> _ACTION ITEM_: Pictures aside, print all of the data below exactly as written.

> _THE DATA_:
= Beginning of Section =

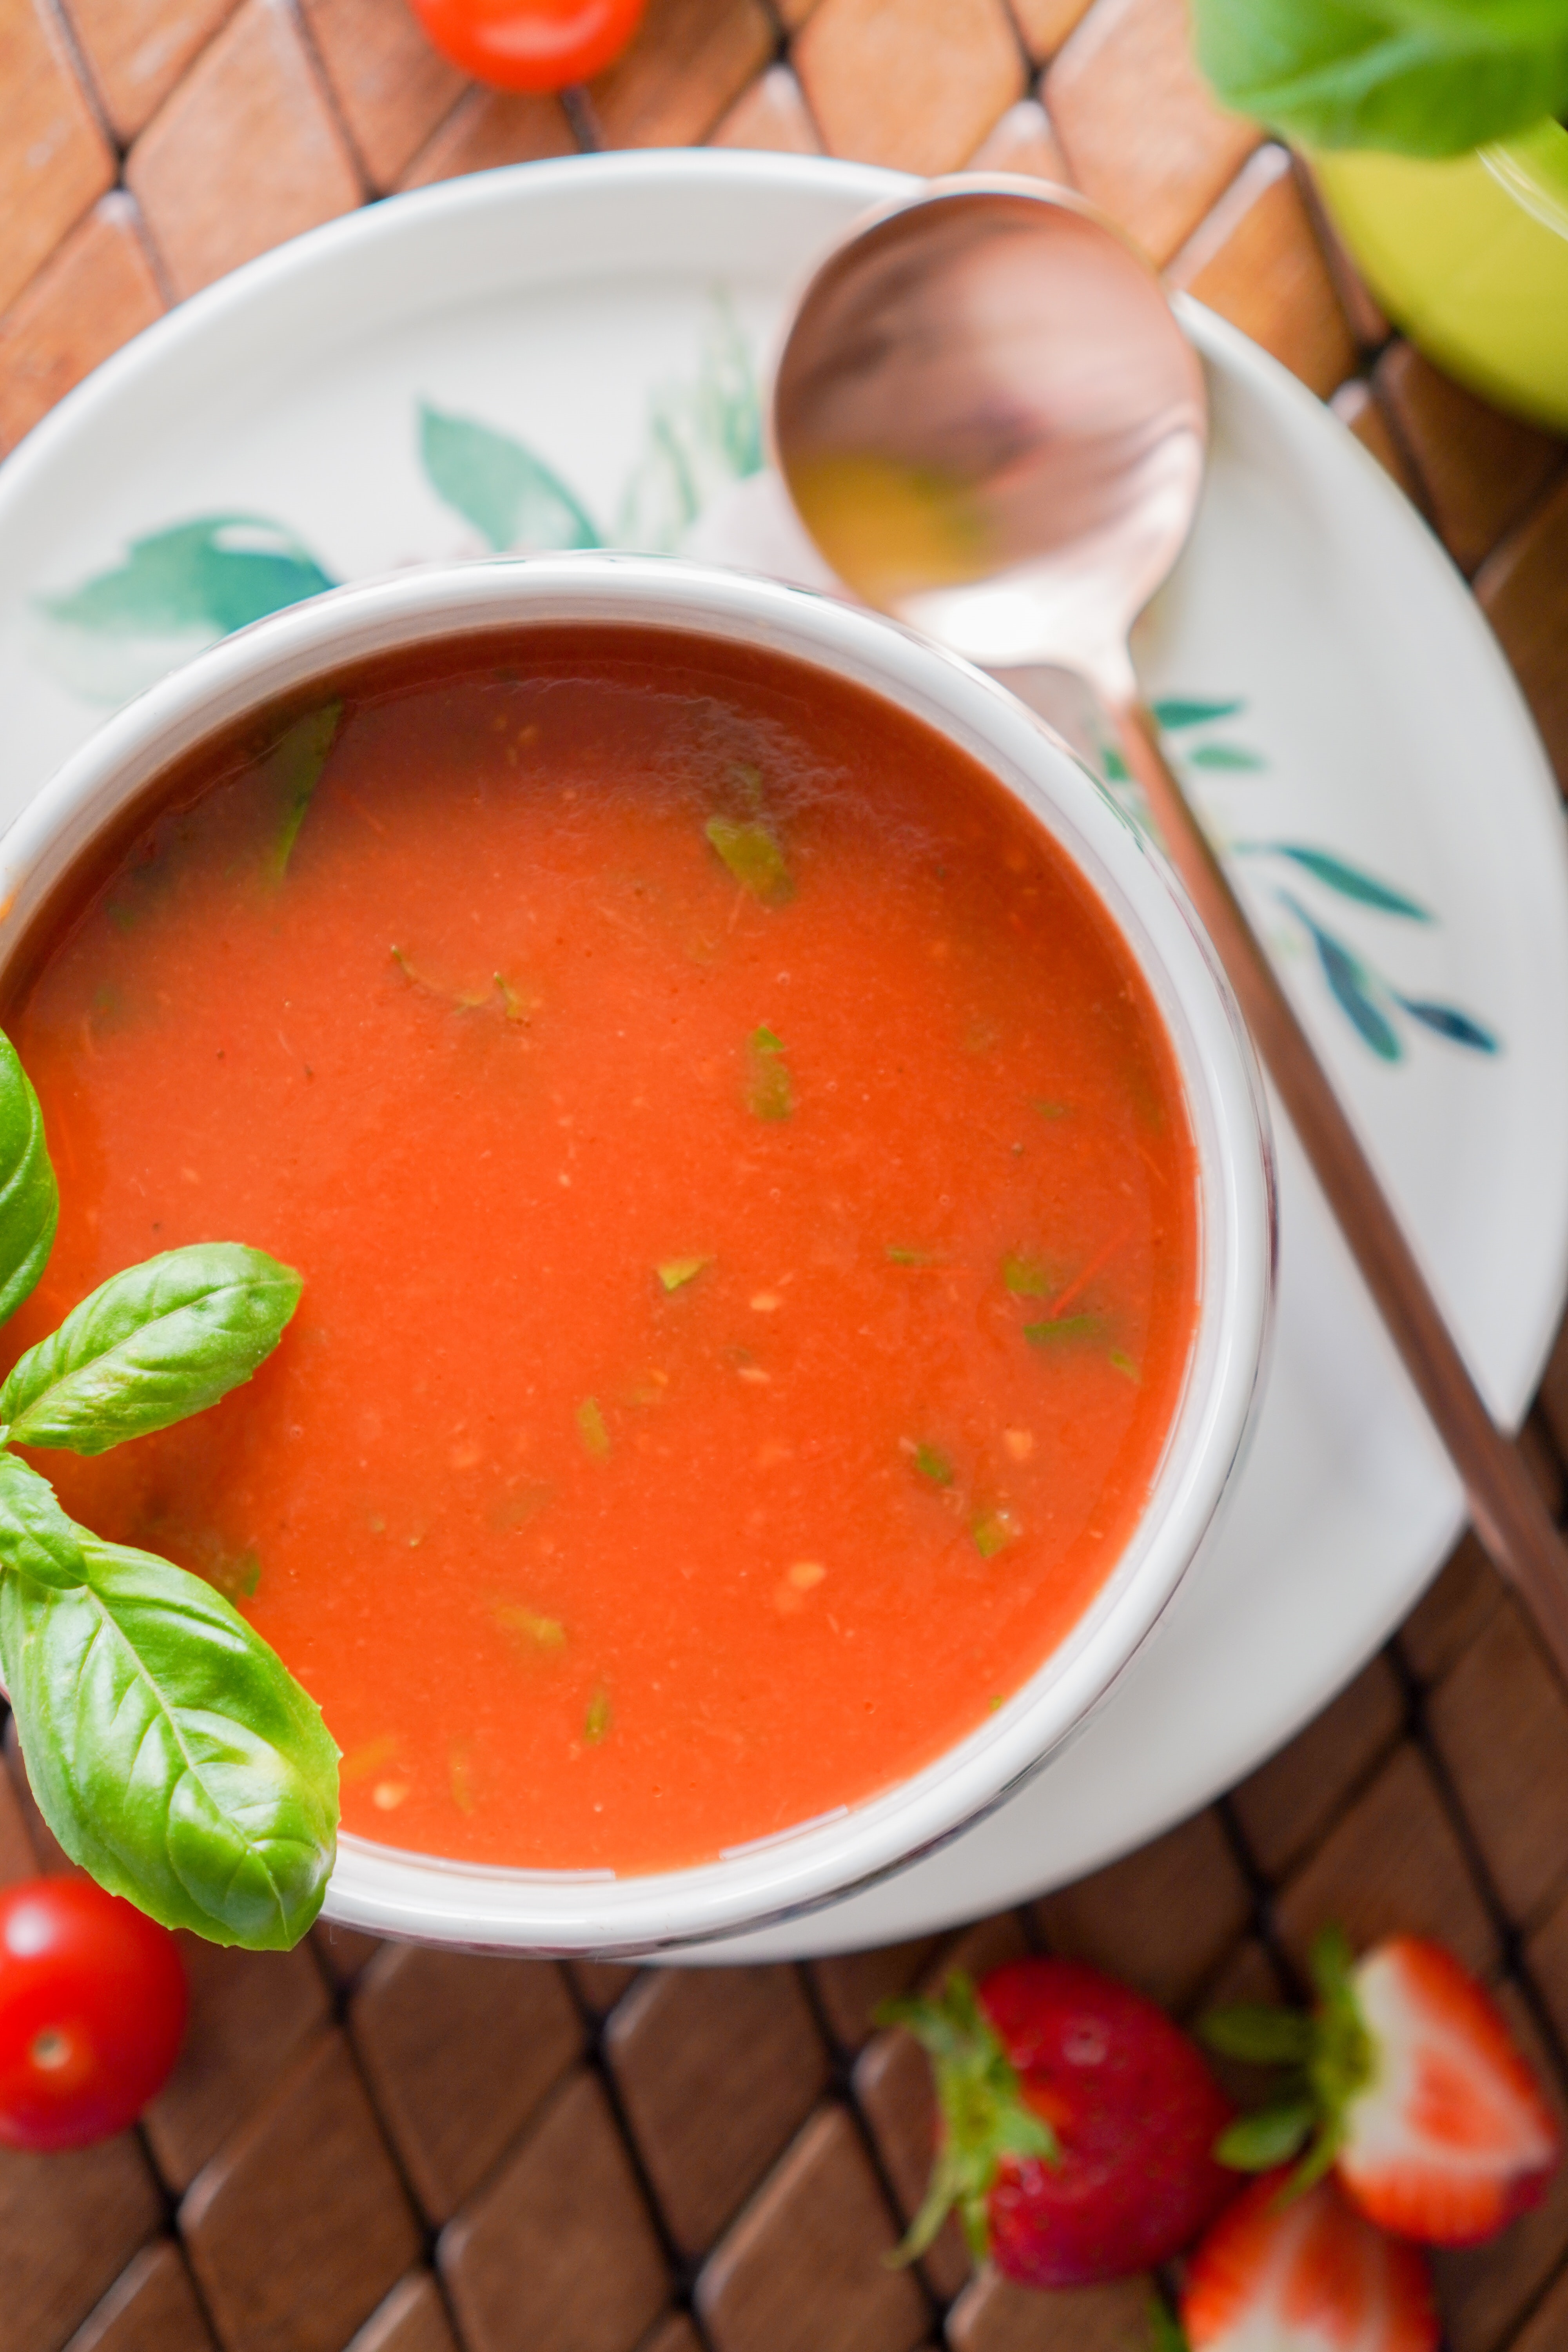 토마토 수프 효능 9가지 및 부작용
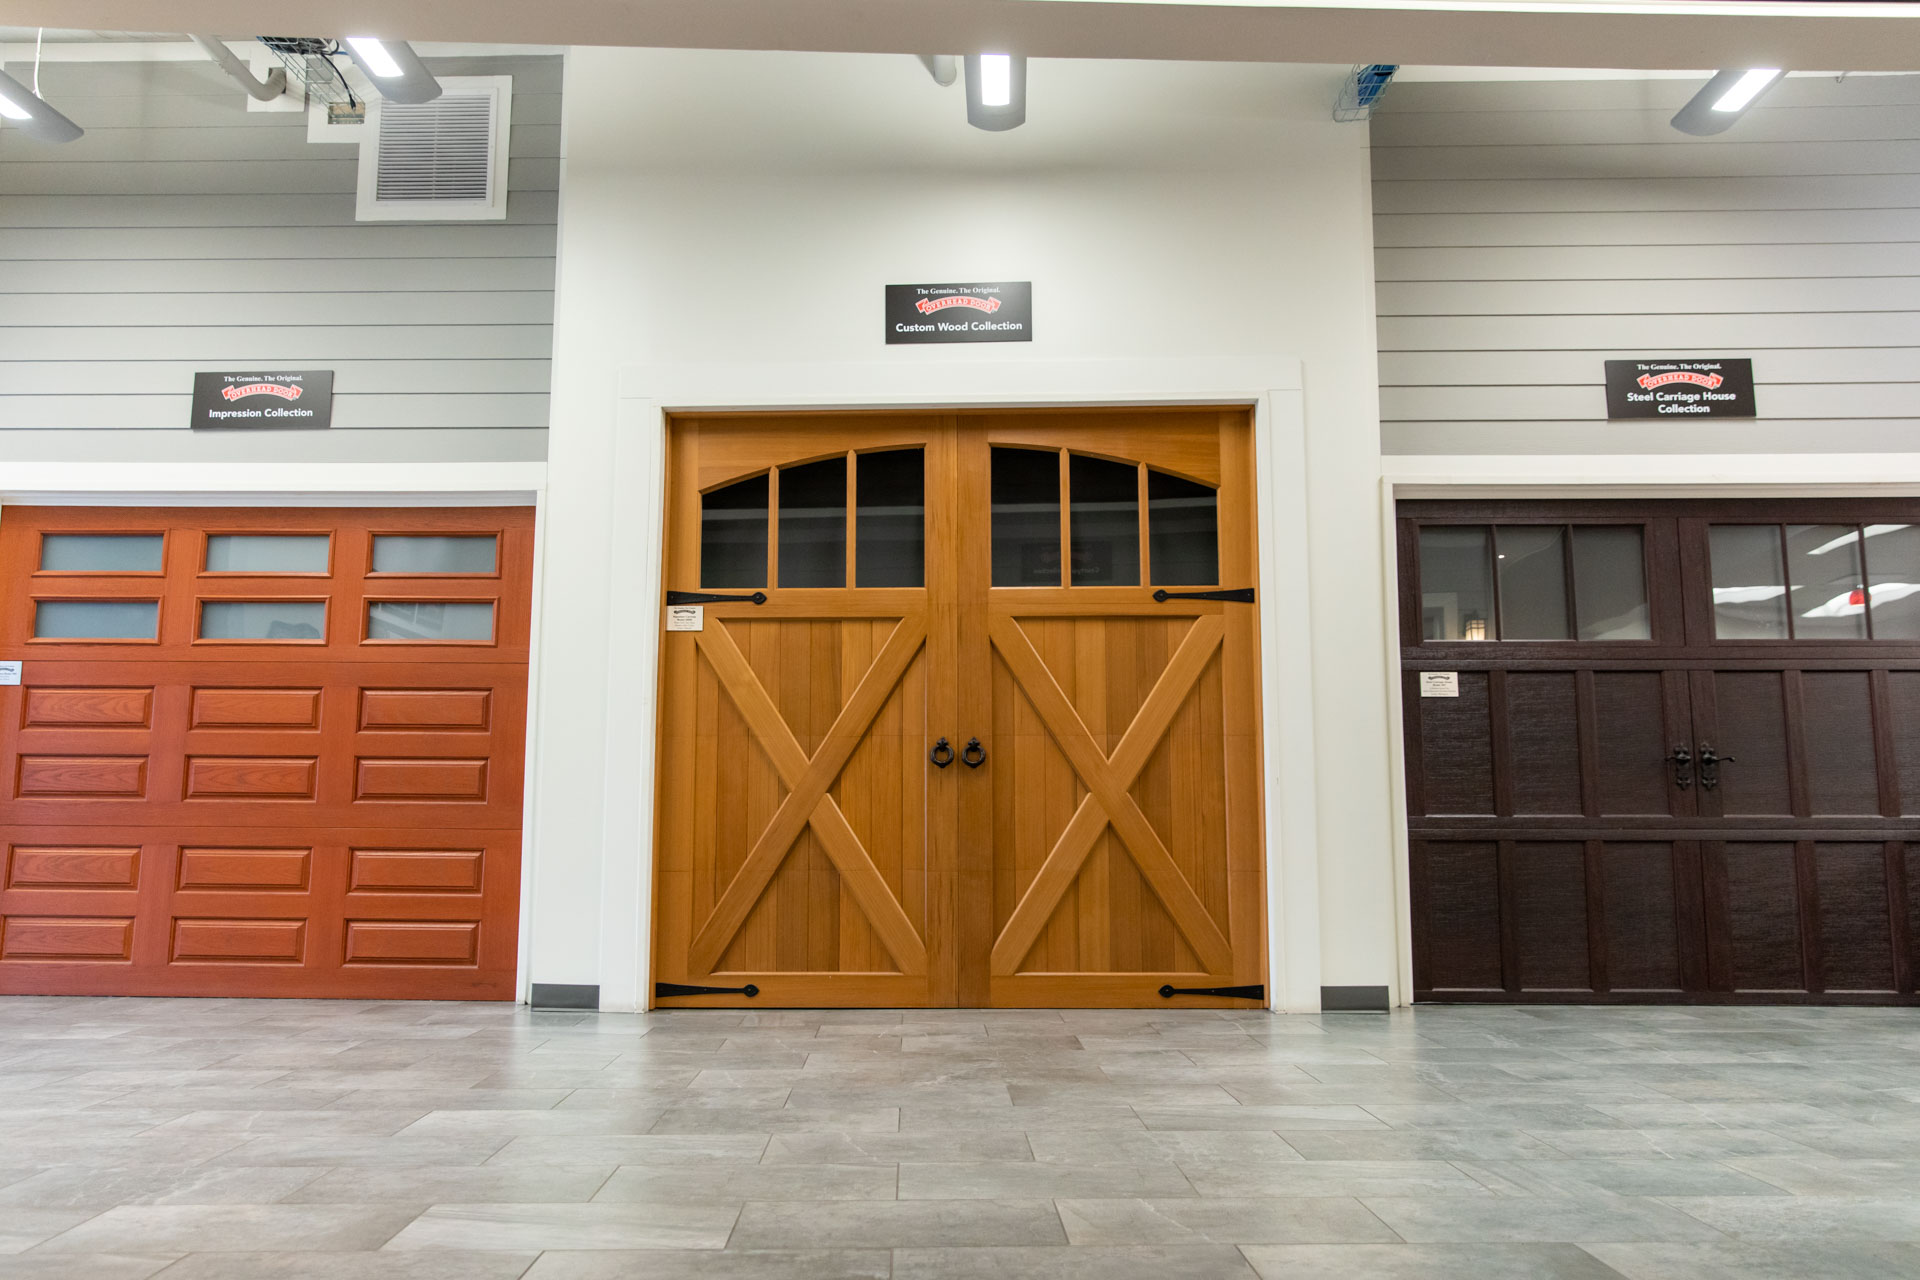 Garage Door Showroom Overhead, Colorado Springs Garage Door Companies
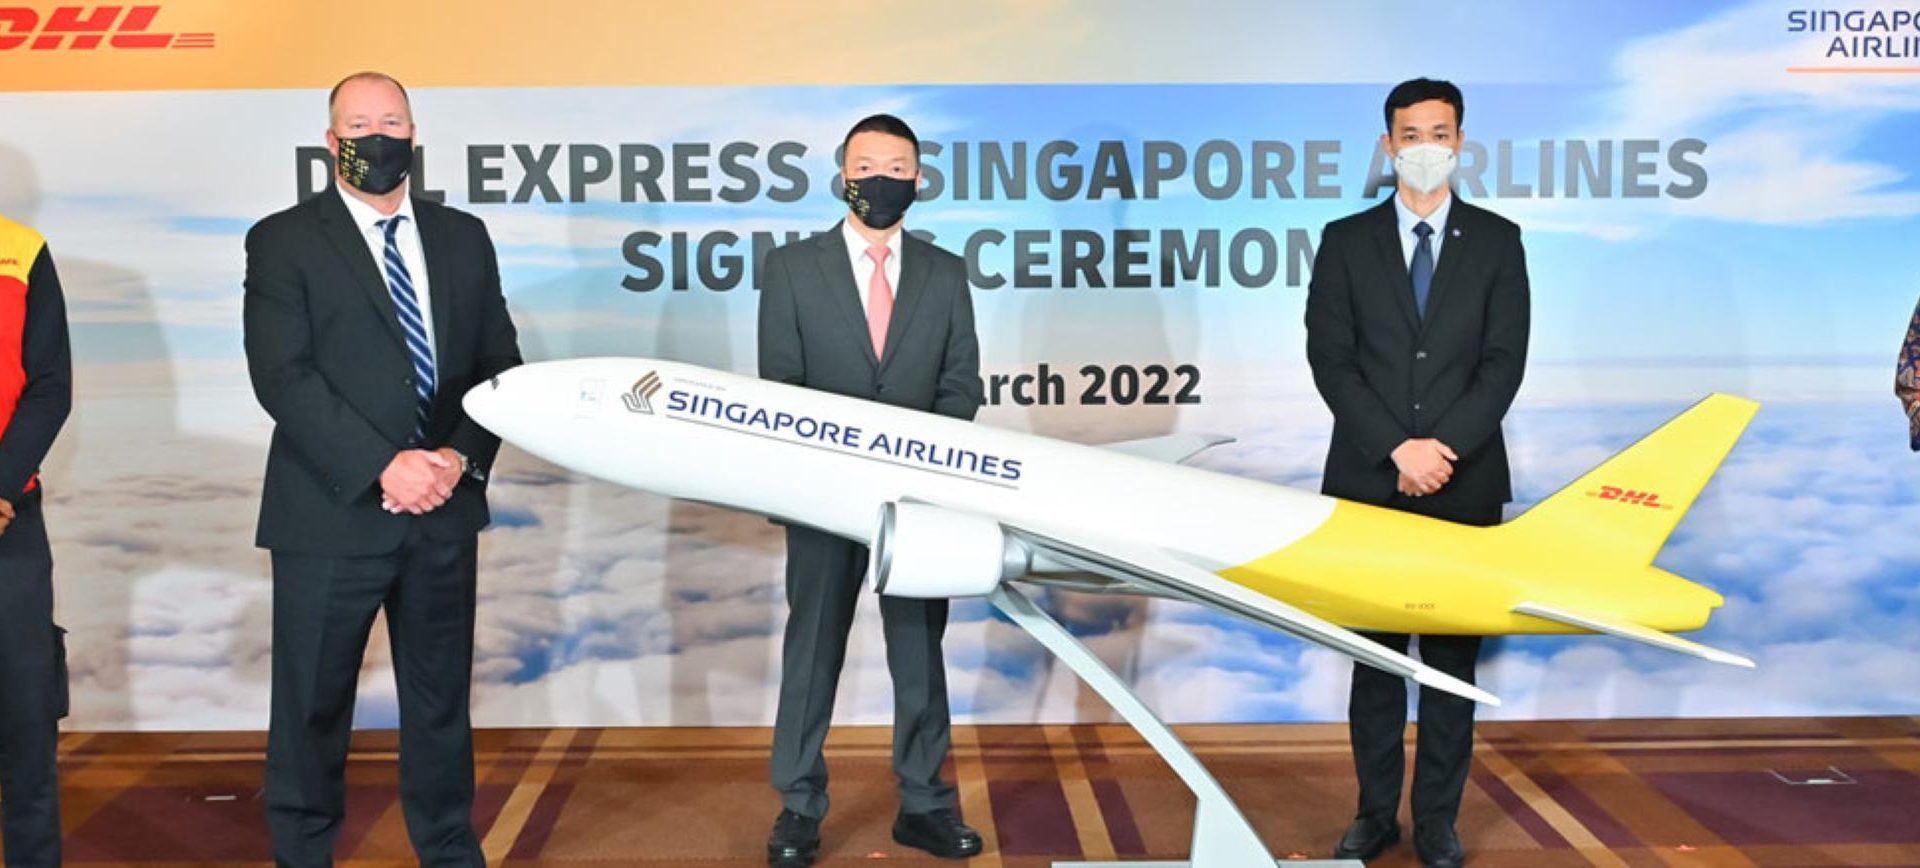 הסכם בין חברת DHL לסינגפור איירליינס
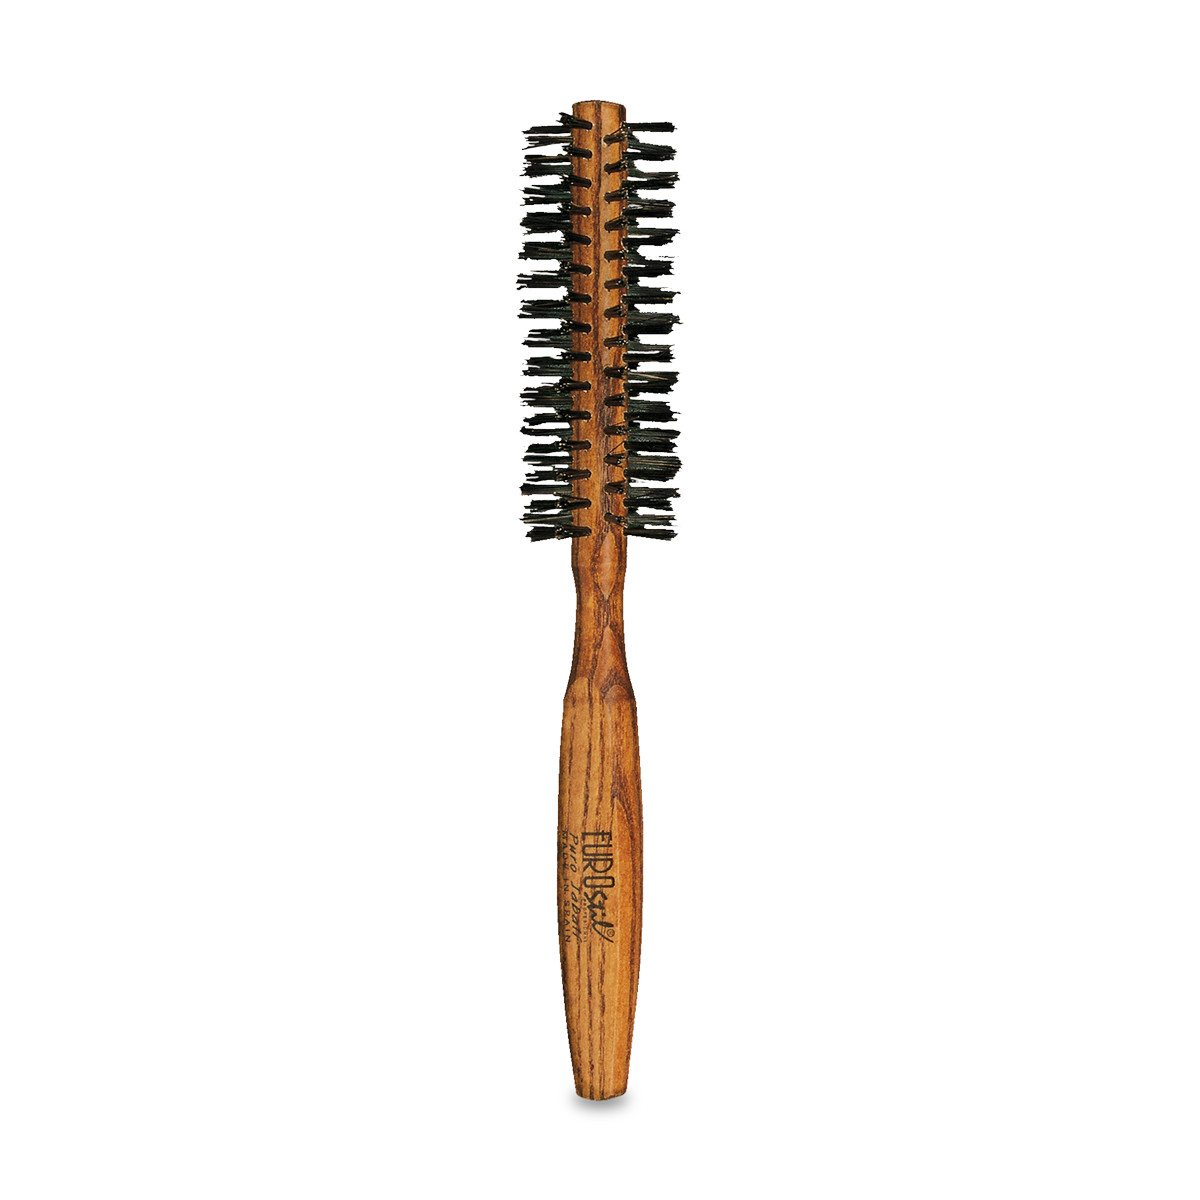 Petite brosse ronde pour brushing cheveux courts, 3,3 cm Mini rouleau  brosse à cheveux avec poils en nylon pour volume, coiffer, boucler et  boucler

= End of Section =

> _TASK RESULT_:
 토마토 수프 효능 9가지 및 부작용
 Garage Door Showroom Overhead, Colorado Springs Garage Door Companies
 הסכם בין חברת DHL לסינגפור איירליינס
 Petite brosse ronde pour brushing cheveux courts, 3,3 cm Mini rouleau  brosse à cheveux avec poils en nylon pour volume, coiffer, boucler et  boucler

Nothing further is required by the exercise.